# MCT4052 Workshop 6h: Adding Noise to Improve Robustness

*Author: Stefano Fasciani, stefano.fasciani@imv.uio.no, Department of Musicology, University of Oslo.*

When working with a small dataset overfitting is likely to happen. Noise can help the ML model to learn a better generalization of the data and therefore avoid overfitting and improve the accuracy on the test set.

This is something we have to do "manually", and therefore it's essential to have all aspects of the training 
process under control. In this example we double the size of the training set by adding gaussian noise (zero mean, arbitrary variance) to the existing examples. At first we do this on a single split, and then we repeat the same on a repeated stratified k fold manually (but we have to do it manually). The variance is a parameter we have to tune. If features are scaled (normailzed) a 0.1 variance can represent 10% of the variance of the features.

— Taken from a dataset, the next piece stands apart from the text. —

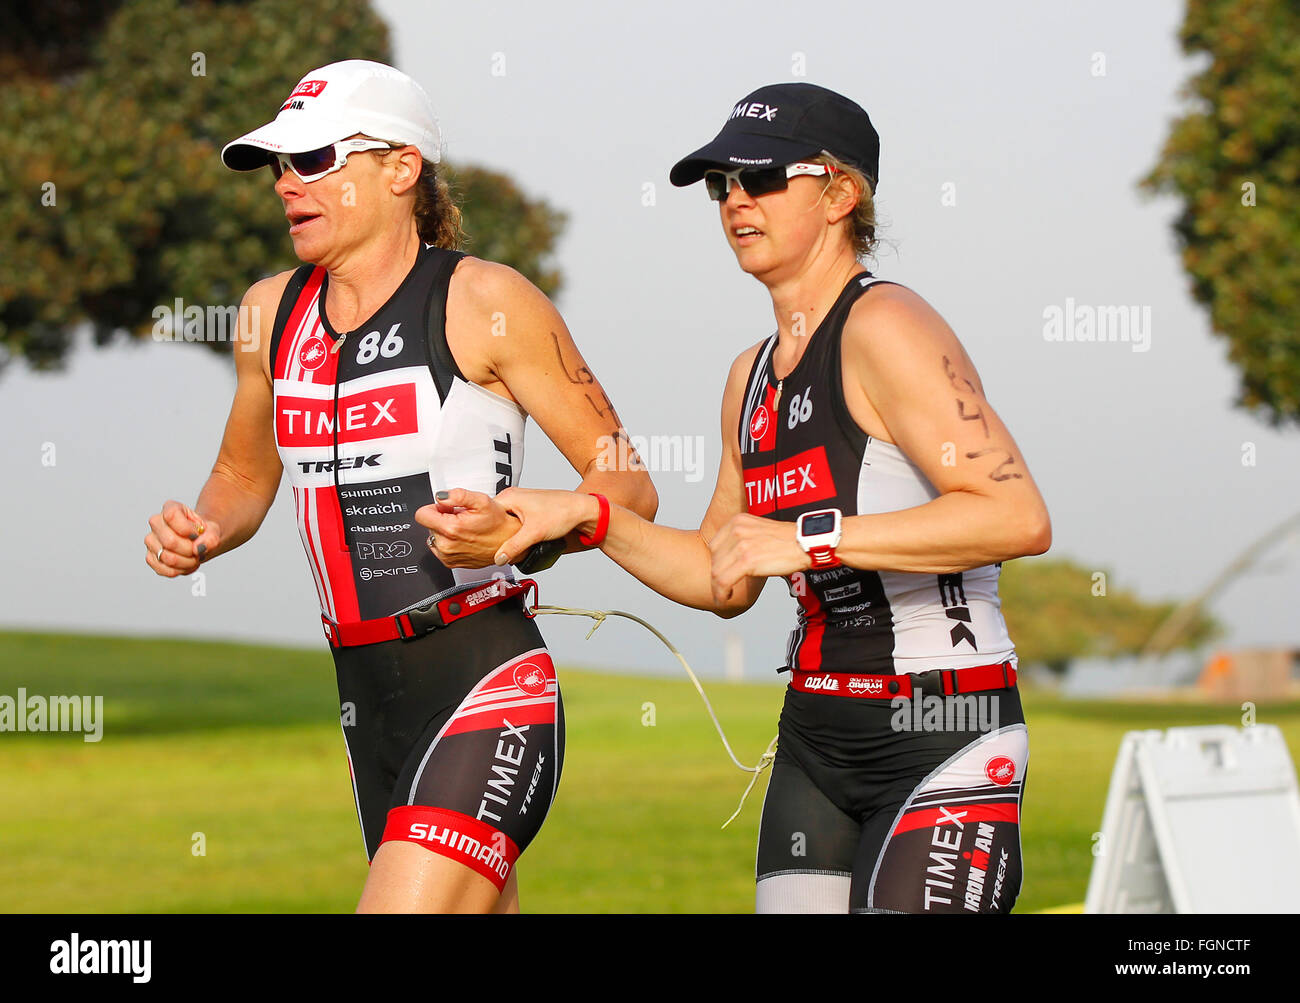 San Diego, CA, USA. 21st Feb, 2016. SAN DIEGO, CA -FEB 21, 2015 - | Susanne Davis, left, and Amy Dixon, a blind triathlete prepare to jump up a curb as they compete in the running portion of the Tritonman triathlon in Mission Bay. | Dixon is training for the Paralympics in Rio de Janeiro and Davis, a world Ironman Champion, is her guide and training partner. This was their first competition training together. (K.C. Alfred/ San Diego Union-Tribune © K.C. Alfred/U-T San Diego/ZUMA Wire/Alamy Live News Stock Photo

This is fairly simple on classification problem, as we create new examples adding a bit of noise to the features and keeping the same label. On regression problem this is a little more complex, as we also need to create new target values (we can use a previously trained model as in this [tutorial](https://machinelearningmastery.com/test-time-augmentation-with-scikit-learn/)).

Generally it will be better to add noise direcly into the model (e.g. inside the ANN) but with scikit-learn this is not possible. To achieve a better or equivalent result we sould perform the trainign semi-manually using partial_fit() and changing the noise in in the features at each training iteration.

Another approach is to add noise directly into the the raw-data before comuting the features, which usually help to improve the robustness against noise of the ML-based system.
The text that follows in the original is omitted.